Thanks you guys ore awesome,,


----------



## Super Skunk (Oct 7, 2008)

I do know for a fact that the county police in some states (southwestern Arkansas) use a national gaurd chopper with some sort of thermal imaging device. It is only effective if there are a group of plants together from what the cops told me. Two times a year they dress in camo and get to ride in an army chopper, makes the power trip cops really hard to deal with for a while. I was also told any piece of trash really shows up. I have used pieces of aluminum foil to direct them far from my stash. Just go for a nature walk tearing foil, and dropping it on the ground. I think greed gets most of us caught. I have used silk flowers in my large outdoor plants to conseal them. I live in a crowded neighborhood. Most don't even take a second look.


----------



## papabeach1 (Oct 8, 2008)

anything can be seen in FLIR if yall grow it with high watt lights, unless yall are in the basement then nothing to worry about...

so anyone that grows with floursect/cfls only..  can not be detected in FLIR
so relaxxx!!! unless yall wanna be stupid  be my guest!


----------



## umbra (Oct 8, 2008)

Forward Looking Infrared is not cheap and relatively easy to mask any plant signatures. Many growers use their lights at night, because electric rates are cheaper at off peak hours. This the best time for FLIR to see heat signatures. During the day, the heat from roofs, asphalt in the street, car exhaust, ect. all form so much heat that distiguishing individual residents is extremely difficult. Outside is more difficult, but not impossible. The idea of using tin foil in other areas to distract is excellent. FLIR is light, so anything that can send false indications or anything that can absorb light and keep it from relecting back to the detectors will work


----------



## tom thumb (Oct 8, 2008)

late in the fall pot plants are still growing more then most other outdoor plants so they still read hotter then other plants in the outdoors, they use thermal detection and they have cameras that can pick out a tick on your dogs butt, if your out walking in the bush when they are over top of you,i got pinched in a fly over 8 years ago and i swear they were 1000 yds in the air and in the pic they had of me you could tell the time off my watch (literally)


----------



## SFC (Oct 8, 2008)

Keep on Smoking, or better yet take a break. You have lost sight of reality.


----------



## tom thumb (Oct 9, 2008)

really? well the court photo's sure seemed real and so did the time I did...spaceman


----------



## papabeach1 (Oct 9, 2008)

yeah you right tom...  we got caught from cop for smoking pot in the car..

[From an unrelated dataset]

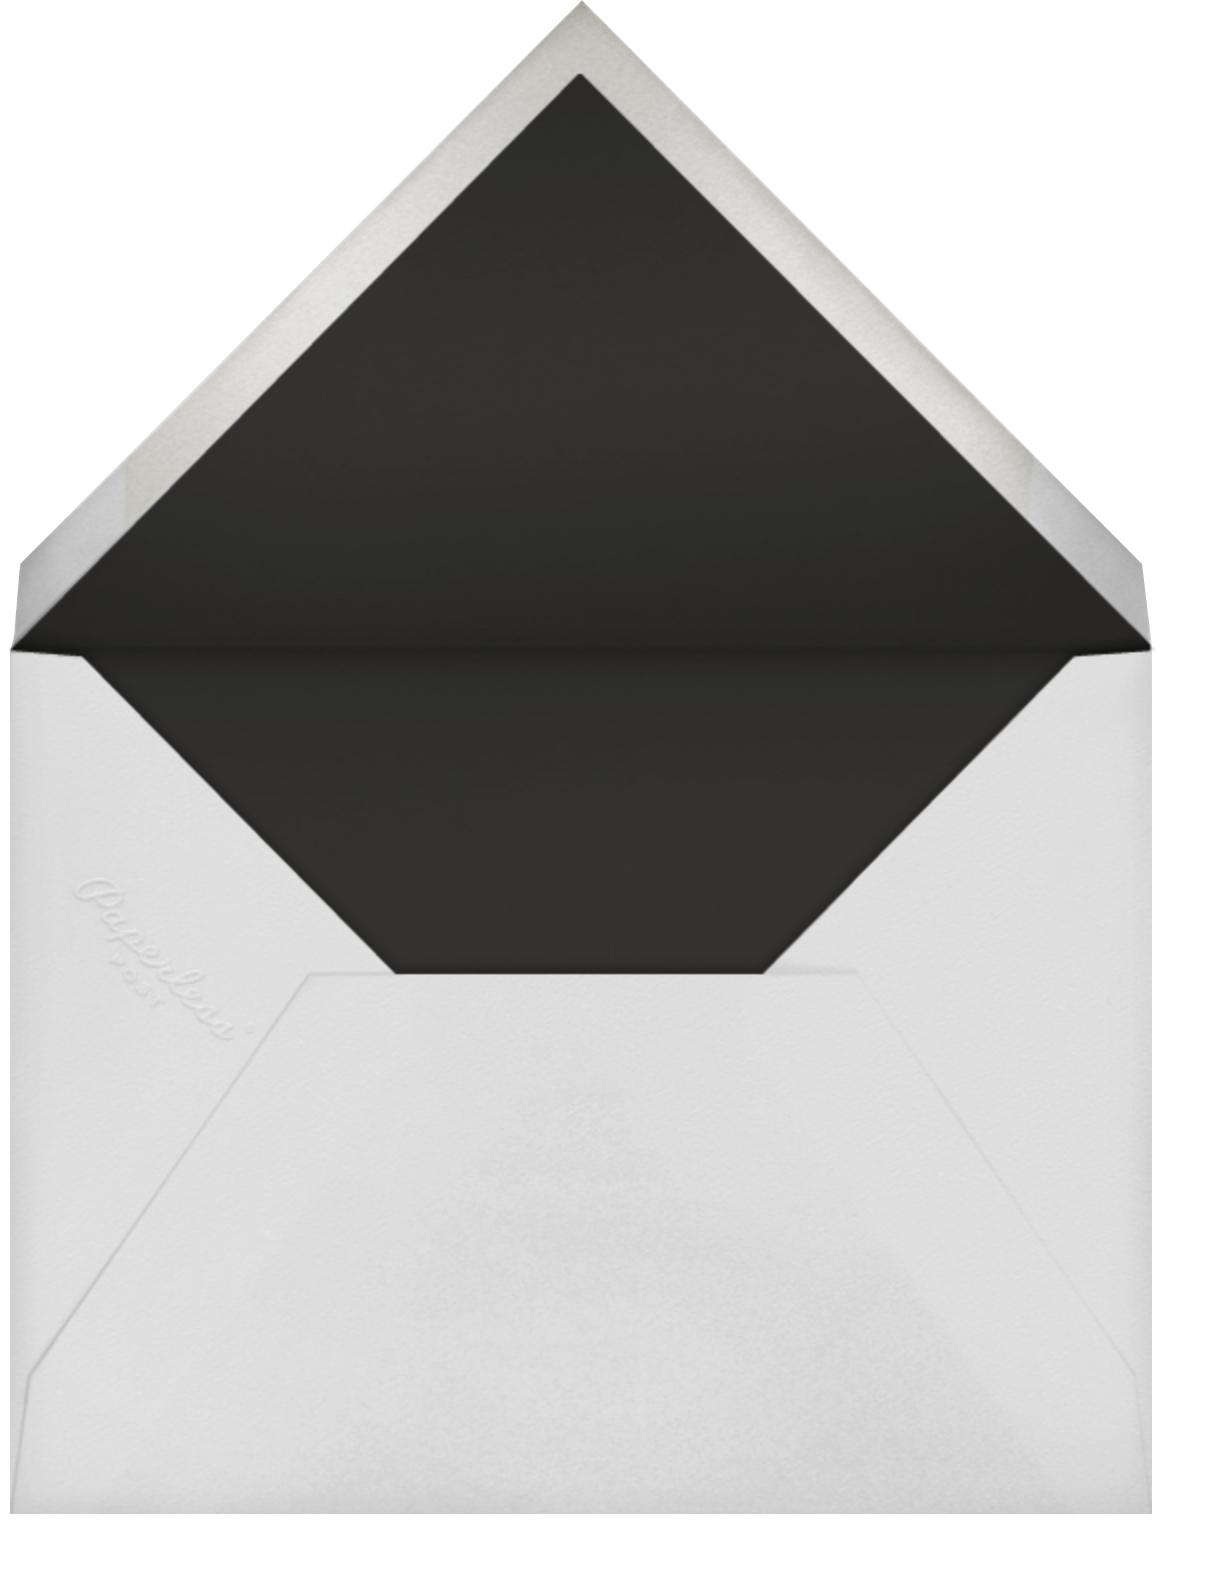 Chronology (Stationery) - White - Paperless Post - Personalized stationery - envelope back

I paid the fine.... I scoff at the cop..   my lawyer told judge he has no right to use FLIR without a warrant...  and did not provide me a  sign lang. interpeter.. so hes at the line along with other people in the unemployment office..
high five to me come on!!


----------



## tazz (Oct 9, 2008)

i thought anything over 100 plants is a felony and uner 100 is a misdemeanor that would probably get u probation. is this true for the u.s.? i only wanna grow a few for personal use. does that mean they can see me in my basement under a small 150w hps and a few cfl's?


----------



## FINKELSTEINSHITKID (Oct 9, 2008)

OK everyone relax, We found them they were on the other side of the fence,And wow what a lot of info thanks everyone, (some people say you got to die some day I got newwwwwws , you never got to go!)   da da da du..cool one of my favorite lines just played on the radio,,uncle ted,,Also what is the diference between a roach clip and a pot holder?


----------



## ricklee22 (Oct 13, 2008)

I've heard a bunch of different names for pot pinchers, roach clips, I use hemostats myself


----------



## djcronos (Oct 15, 2008)

Yeah I've always heard that the helicopters that fly over town have some sort of infrared technology that can either detect large amounts of heat coming from an abnormal place.


----------



## daf (Oct 15, 2008)

what can u use to deter the heat siganture from a grow closet , and does a single 400 watter give 2 much heat


----------